Le libraire de Kaboul perd son procès contre Asne Seierstad

Clément Solym - 14.12.2011

Edition - Justice - libraire - Kaboul - Asne Seierstad


La Norvégienne Asne Seierstad avait semé une belle panique, en racontant l'histoire du libraire de Kaboul, qui manifestement n'avait rien demandé. Au point qu'il demande 5 millions $ pour diffamation, dans un procès complètement improbable. Mohammed Rais avait toujours soutenu que la journaliste n'avait rien compris au mode de vie, l'obligeant à écrire lui-même un ouvrage en réponse

 

Eh bien que l'on se passe le message, Asne Seierstad a décidé qu'elle ne toucherait pas une ligne de son livre. Une cour d'appel, en Norvège, vient en effet d'annuler la précédente décision dans le procès qui oppose le libraire afghan chez qui l'auteure avait finalement passé plusieurs mois. Et depuis huit ans, la bataille juridique faisait rage entre la famille de Mohammed Rais et Asne Seierstad. 

 

Voilà donc que la justice lui donne raison : elle n'a pas violé l'intimité de cette famille, et son livre, devenu best-seller, n'a rien à se reprocher. « Ce jugement signifie beaucoup. En tant que journaliste, être accusée d'avoir violée la vie privée de quelqu'un, on court toujours le risque que cette étiquette vous reste collée. » 

 

Dans un premier temps, la justice norvégienne l'avait condamnée, avec son éditeur, à verser 15.600 € de dommages-intérêts. Son éditrice en France, Eva Bredin (JC Lattès), avait alors expliqué à ActuaLitté combien cette décision était regrettable. « C'est très curieux que le tribunal ait condamné Asne.
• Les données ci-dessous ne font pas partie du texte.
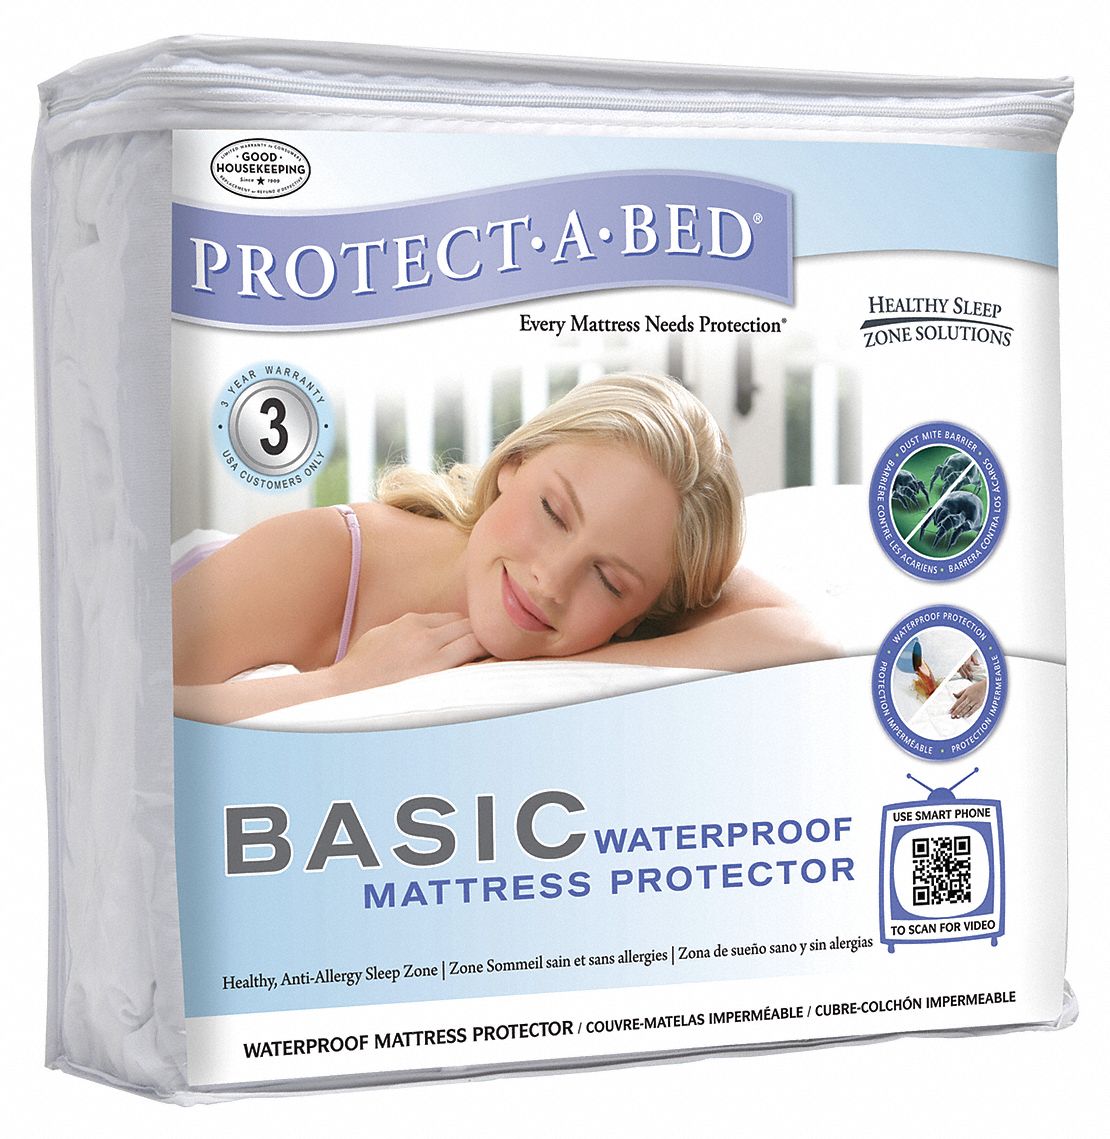 Mattress Pad Protector: Twin XL, 14 in Pocket Size, 80 in Lg, 38 in Wd

C'est même assez navrant, parce qu'en frappant ainsi les auteurs, que pourront-ils raconter comme histoire à l'avenir ? L'édition est vraiment menacée par ce type de procédure ? Je suis personnellement déçue par cette décision. »

 

La plainte concernait la seconde femme du libraire qu'il avait épousée lorsqu'elle avait 16 ans selon le livre. De là, l'accusation de violation de vie privée. Mais le tribunal d'Osla a estimé que la famille était bien au courant du projet de livre d'Asne, et que le contenu de son livre est bien basé sur des faits réels. 

 

La journaliste sort de cette affaire avec du plomb dans la tête, ayant dû éplucher l'ensemble du livre, méticuleusement, pour défendre ligne à ligne, ou presque, ce qu'elle avait écrit. « Le juge a estimé que je n'avais pas manqué de prudence. Désormais, si je fais quelque chose, je serai encore plus prudente. » Aucun regret cela dit, ni pour le livre, ni pour l'expérience de vie à Kaboul, explique-t-elle, bien qu'elle ne soit plus du tout en contact avec le libraire, si ce n'est pas l'intermédiaire de ses avocats.

 

Retrouver les livres d'Asne Seierstad

 

L'ouvrage, qui racontait comment le libraire tentait de faire son métier le mieux possible, alors que l'Afghanistan était sous le régime des talibans. Aujourd'hui traduit en 42 langues, il est lu un peu partout dans le monde. « J'ai gardé beaucoup d'admiration pour lui et le fait qu'il continue de vendre ses livres. C'est un héros afghan et je pense l'avoir dépeint ainsi, mais c'est également un patriarche afghan. Le journalisme, c'est se lancer et faire des choix. C'est mon livre, c'est ma décision. »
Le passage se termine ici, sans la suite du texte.